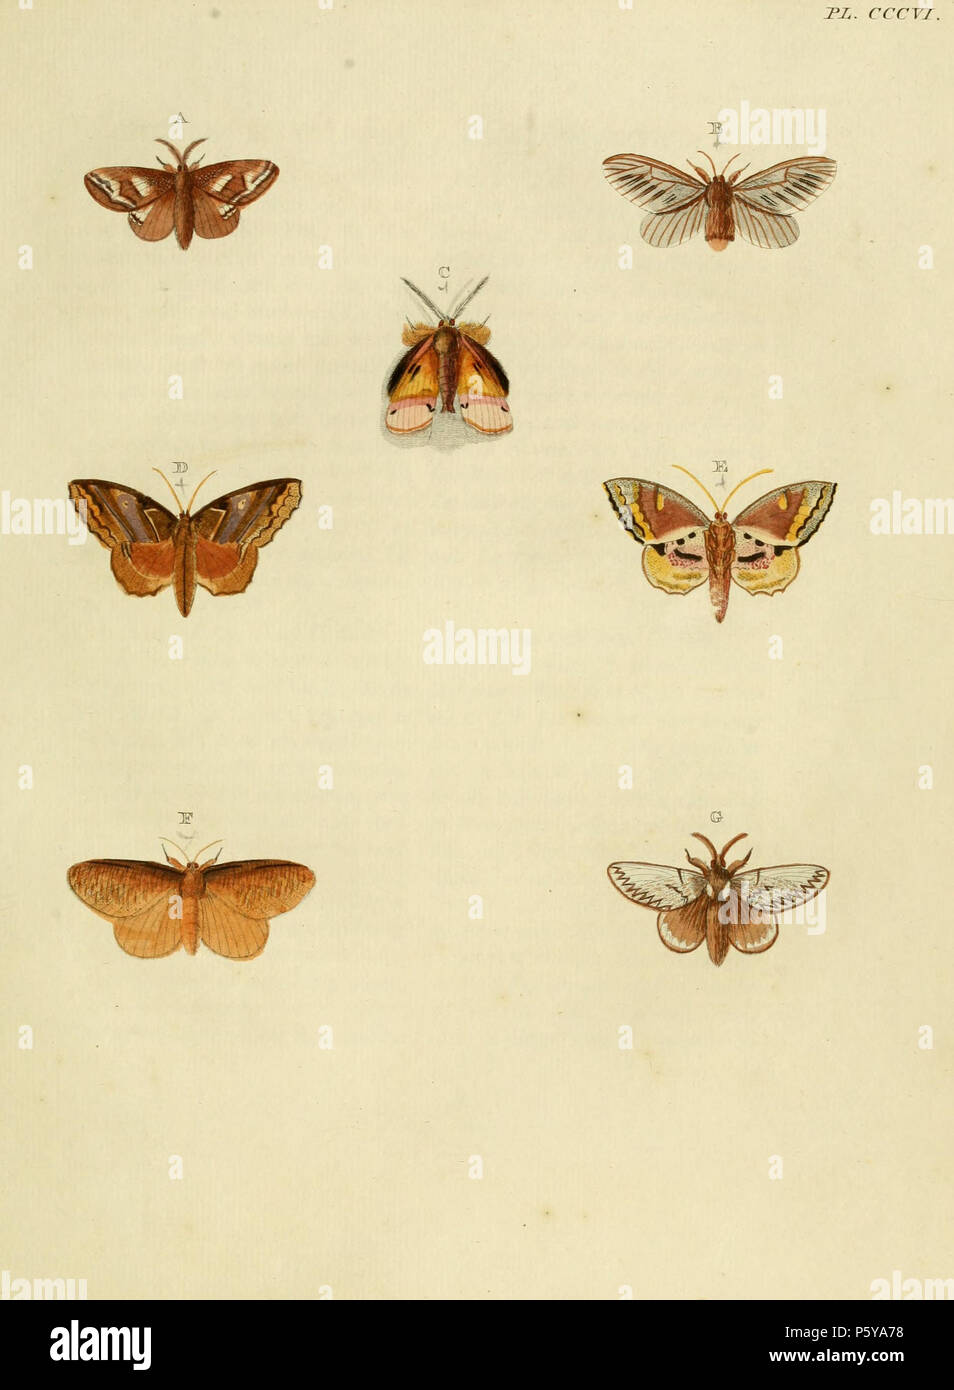 N/A. Piastra CCCVI Avvertimento: alcuni taxa/nomi potrebbero essere errati/eluse o collocato in un diverso genere. A: '(Phalaena) Agresta' ( = Euglyphis agresta (Stoll, [1780]), iconotype, vedere Funet). B: "(Phalaena) nuda" ( = Megalopyge nuda (Cramer, 1780) iconotype, vedere Global Lepidoptera indice dei nomi. NHM). C: '(Phalaena) Amynta' (=Ceroctena amynta (Cramer, 1779) (maschio), vedere il Global Lepidoptera indice dei nomi, NHM e Funet). Foto di enciclopedia della vita. Femmina su pl. 251 E. D, E: '(Phalaena) Verago' ( = Zanola verago (Cramer, [1777]), vedere Funet). Foto al codice a barre della vita. Maschio su pl. 16 Foto Stock
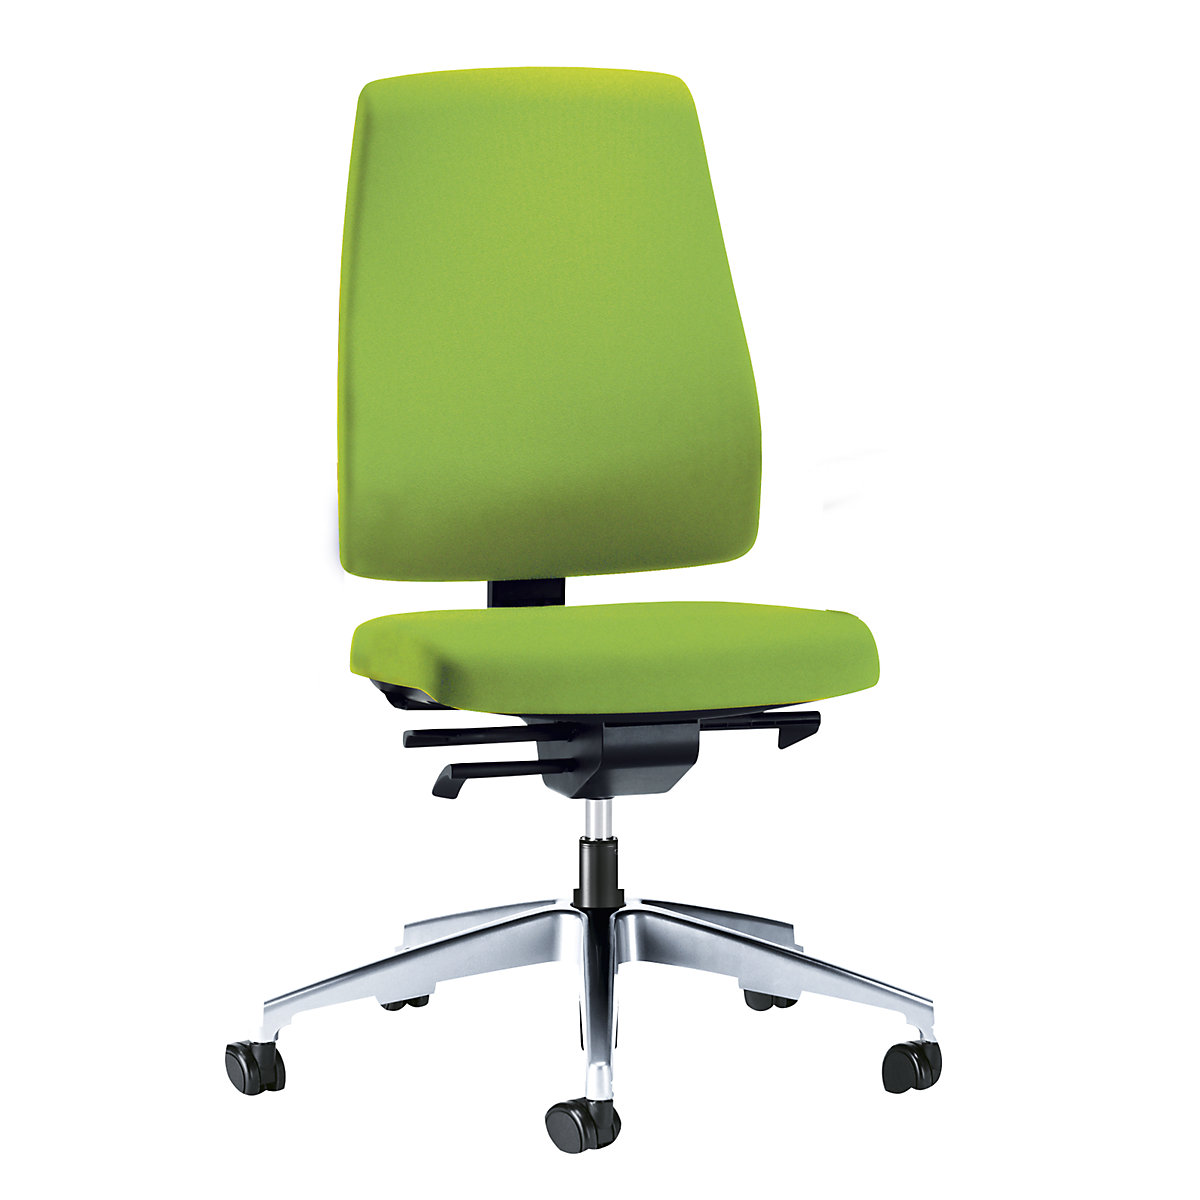 Bürodrehstuhl GOAL, Rückenlehnenhöhe 530 mm interstuhl, Gestell poliert, mit weichen Rollen, gelbgrün, Sitztiefe 410 mm
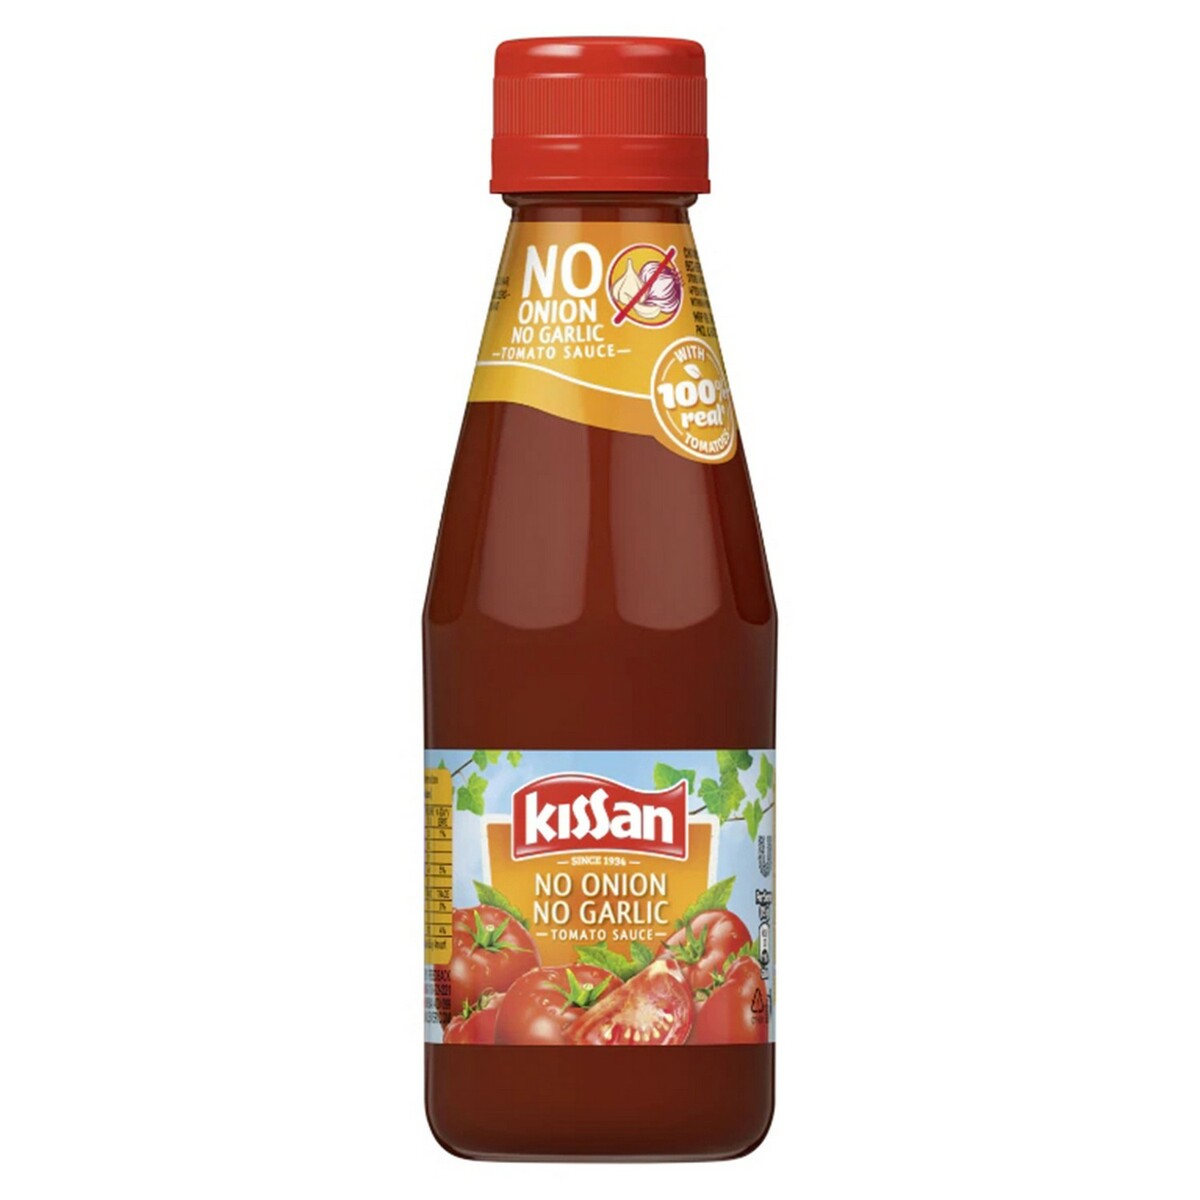 Kissan No Garlic No Onion Tomato Sauce 200g
═══
The lines wanted run from the one with "Bürodrehstuhl GOAL, Rückenlehnenhöhe" through the final line of the data; repeat them word for word and skip every picture.

 Bürodrehstuhl GOAL, Rückenlehnenhöhe 530 mm interstuhl, Gestell poliert, mit weichen Rollen, gelbgrün, Sitztiefe 410 mm
 Kissan No Garlic No Onion Tomato Sauce 200g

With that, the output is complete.